SUPPLIED DATA:

* * * * * * *

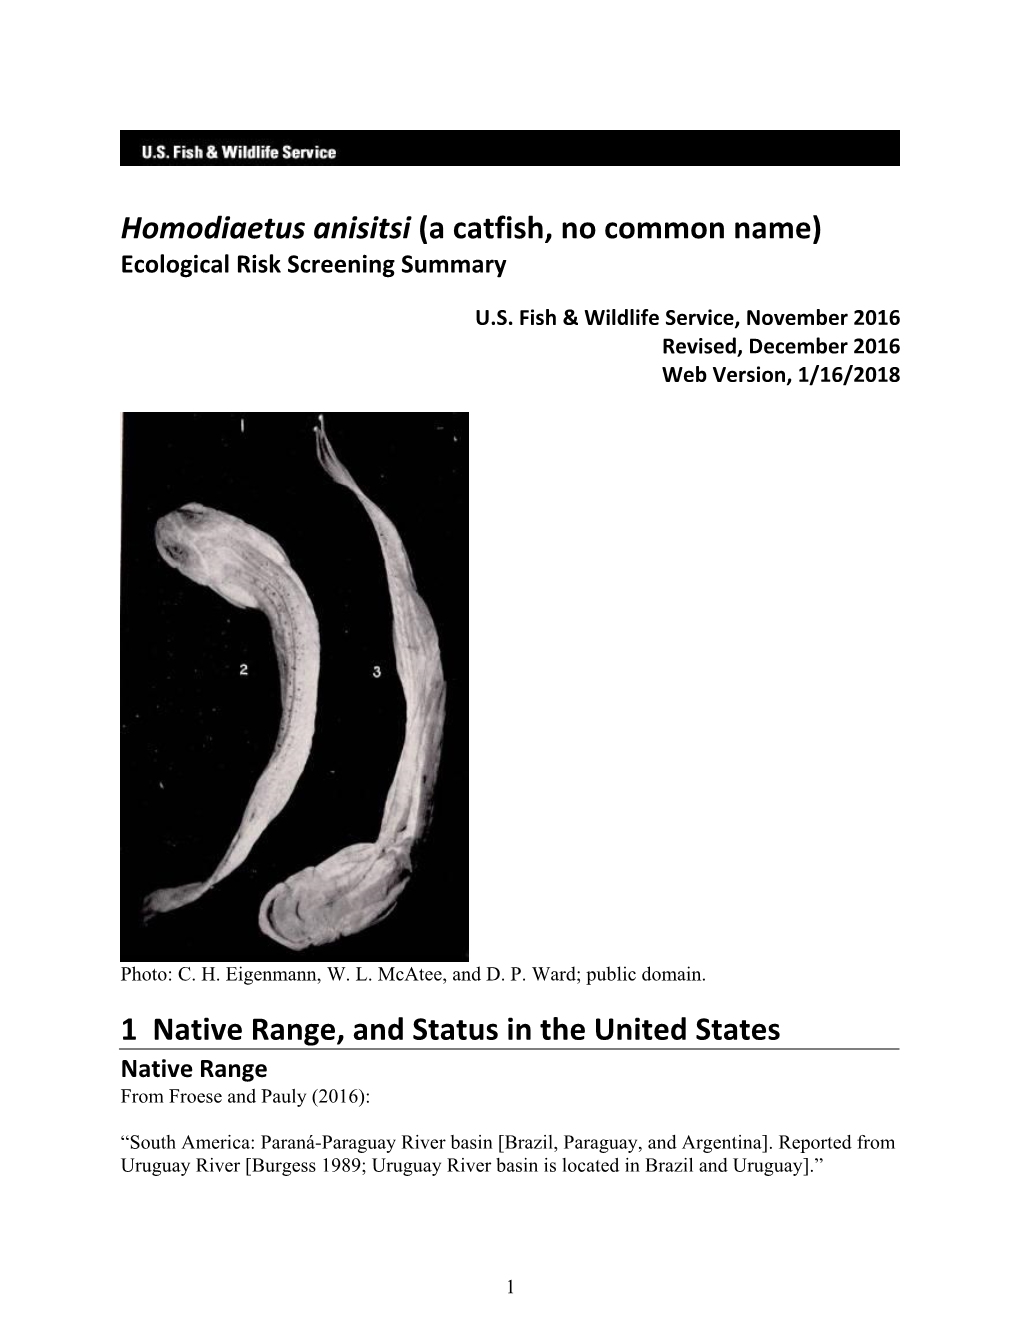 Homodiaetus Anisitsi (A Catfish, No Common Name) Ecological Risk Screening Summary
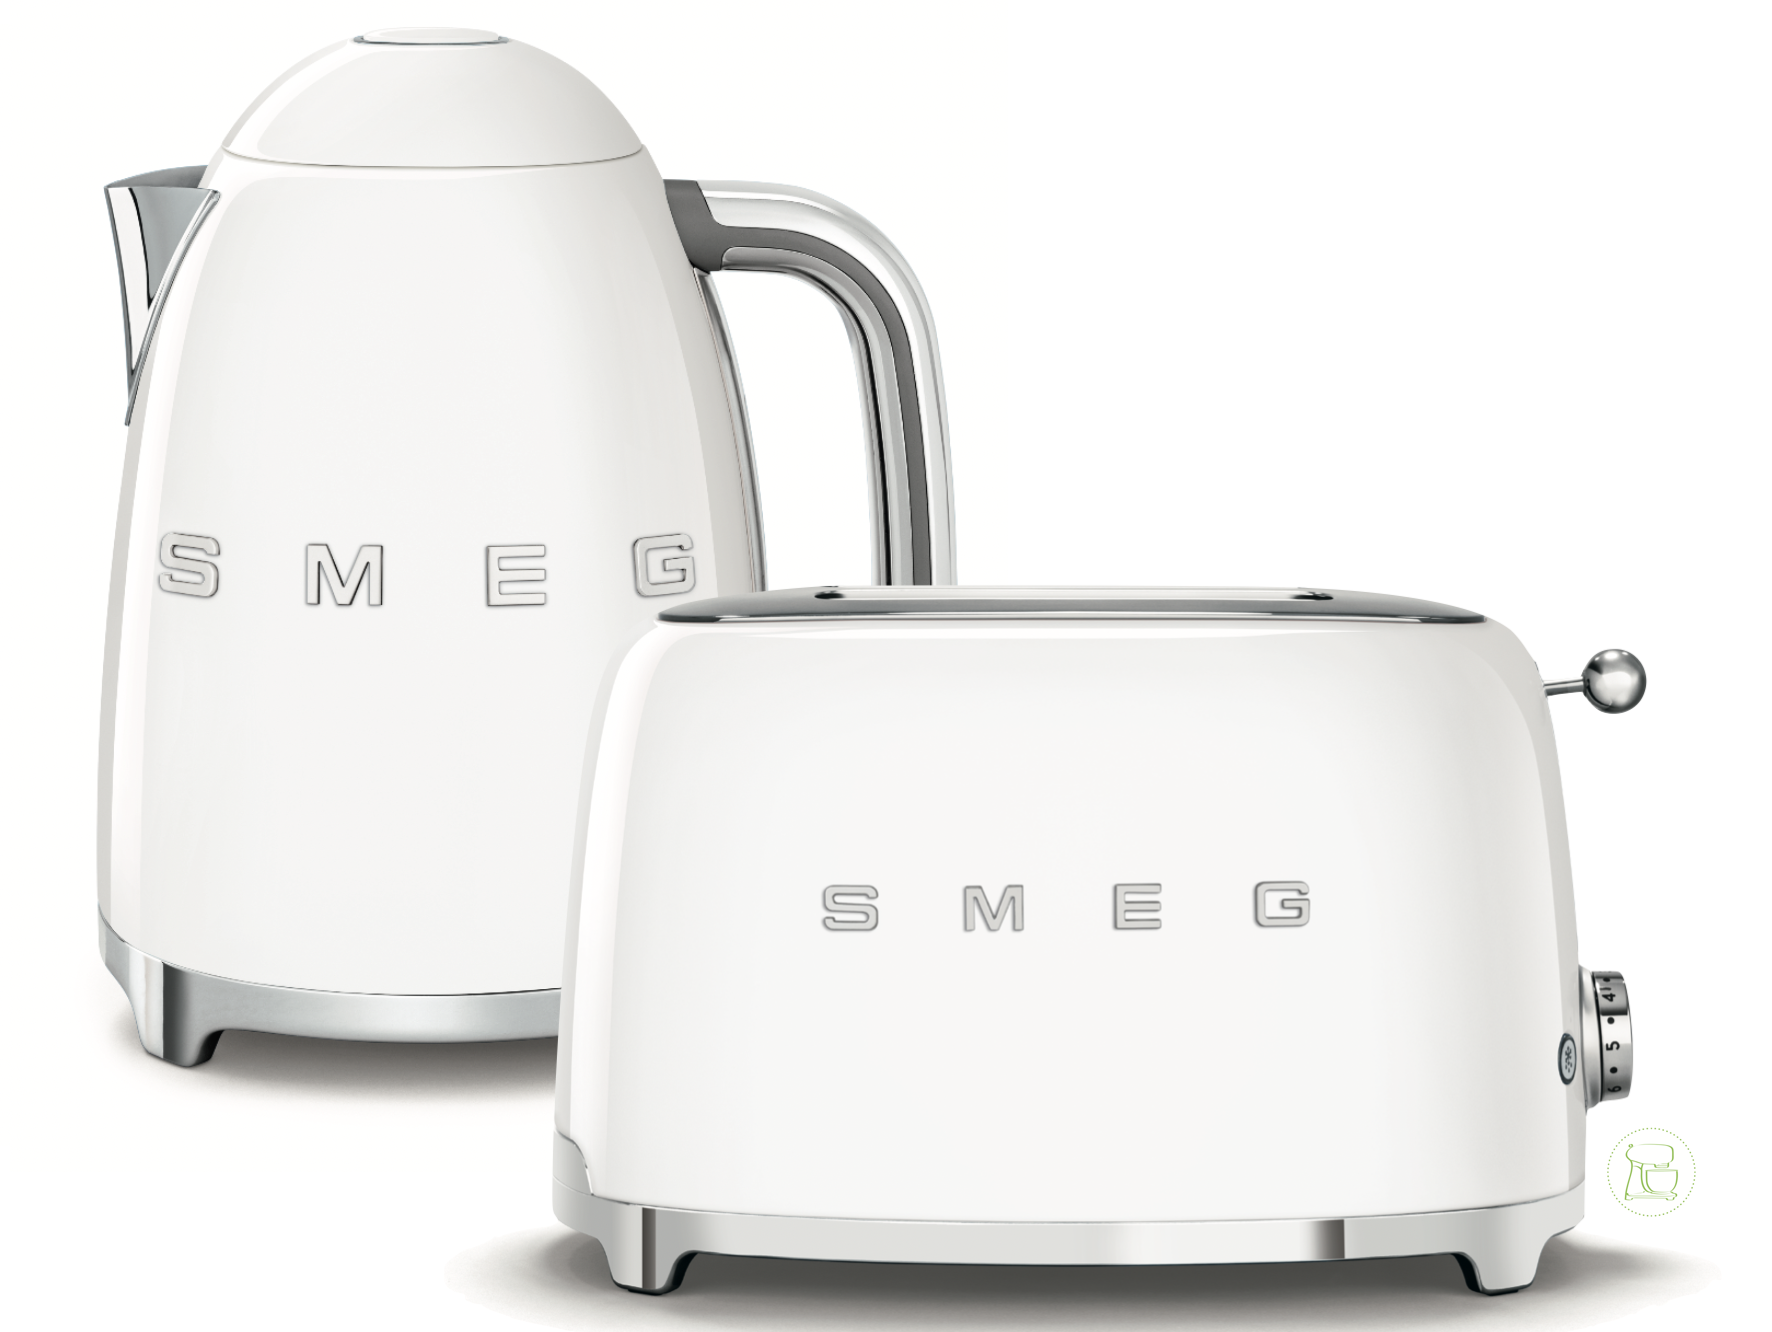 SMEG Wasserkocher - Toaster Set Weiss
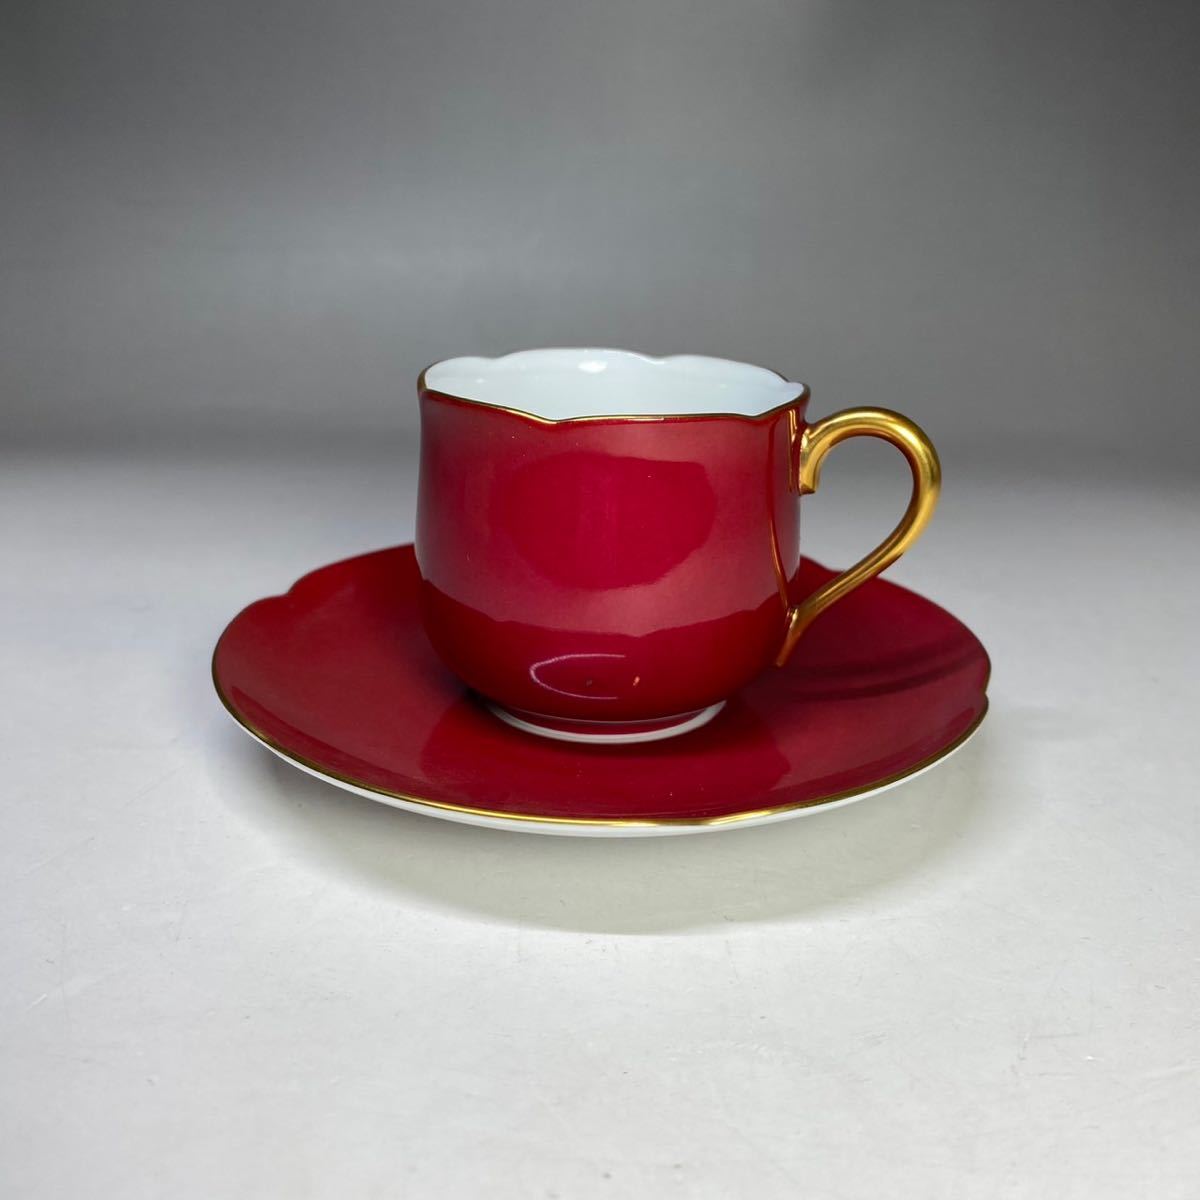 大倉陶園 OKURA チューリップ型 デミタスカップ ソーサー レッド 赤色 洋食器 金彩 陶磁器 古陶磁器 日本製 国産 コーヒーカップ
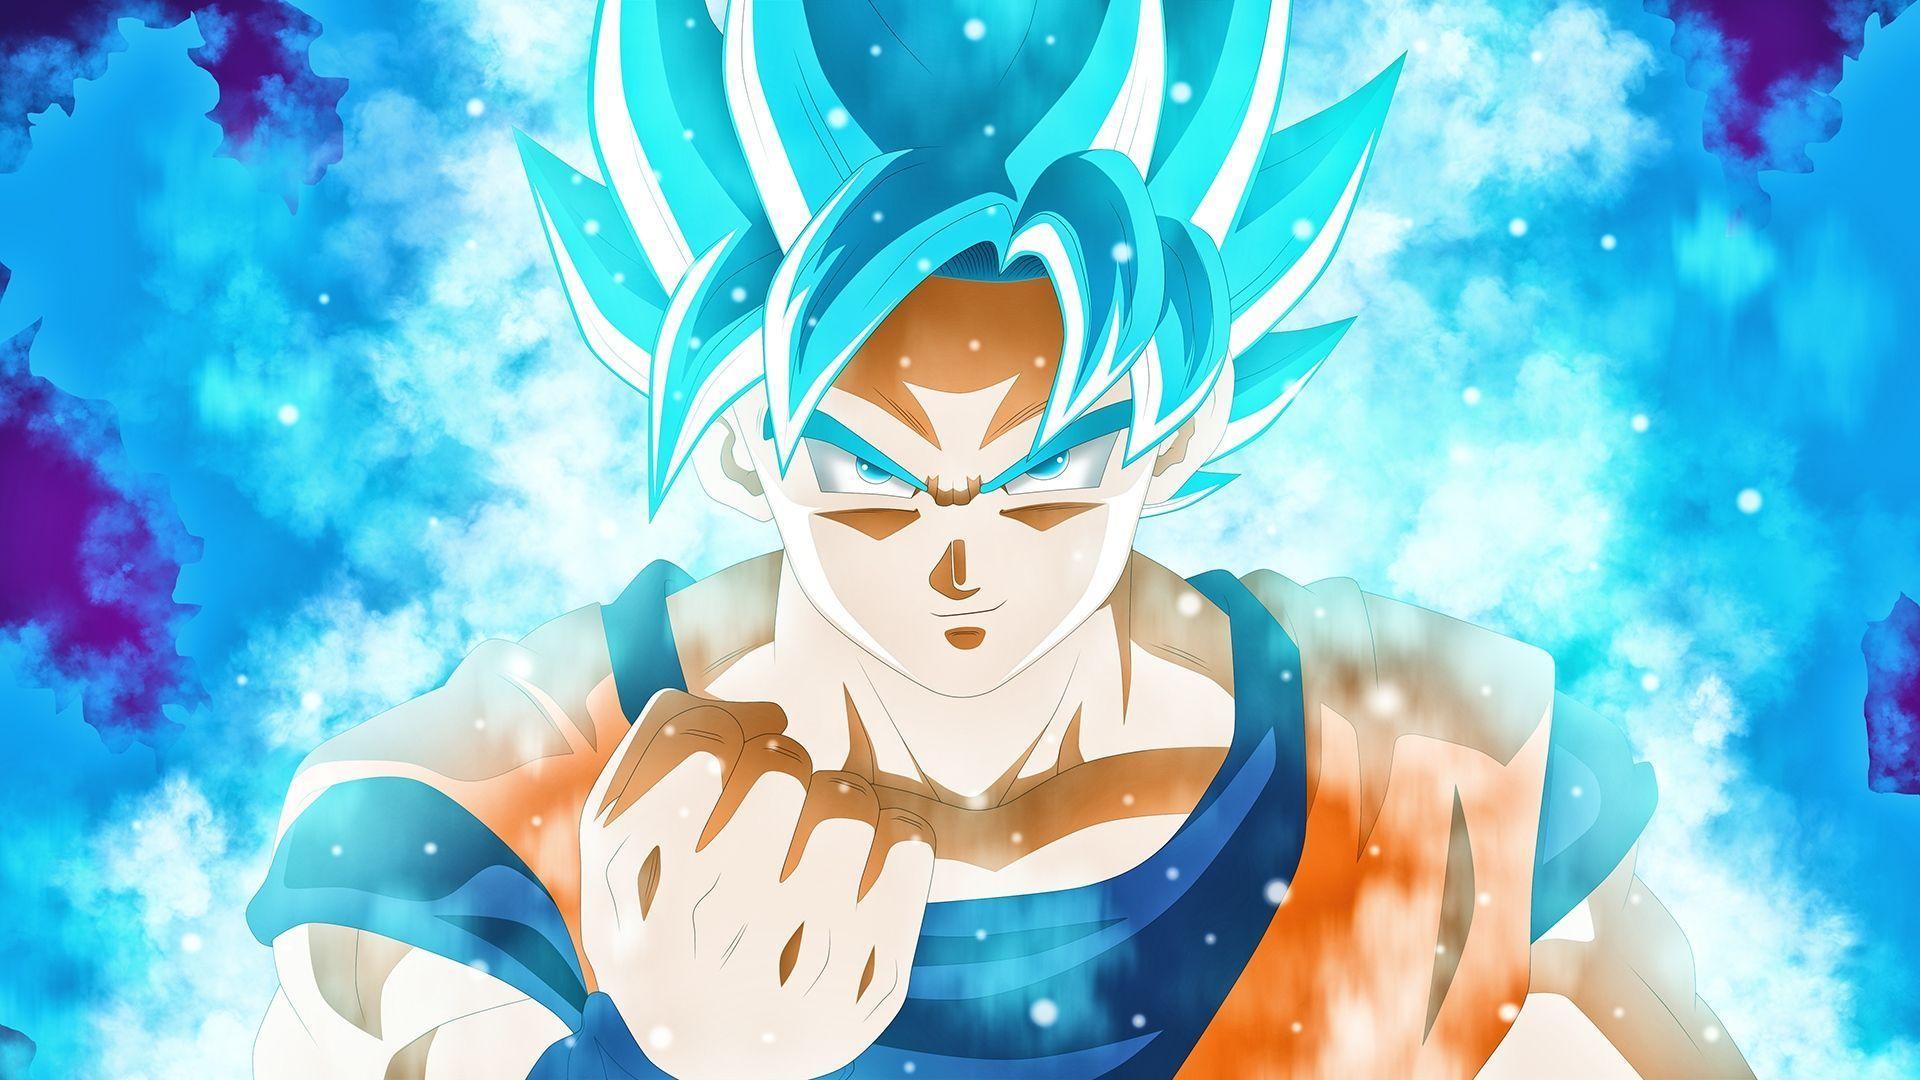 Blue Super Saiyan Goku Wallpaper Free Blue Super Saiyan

* * * * * * *

Every line from the one containing "大倉陶園 OKURA チューリップ型" through the last line of the data, both included, is to be repeated exactly; the pictures are to be left out.

PROBLEM SOLUTION:
 大倉陶園 OKURA チューリップ型 デミタスカップ ソーサー レッド 赤色 洋食器 金彩 陶磁器 古陶磁器 日本製 国産 コーヒーカップ
 Blue Super Saiyan Goku Wallpaper Free Blue Super Saiyan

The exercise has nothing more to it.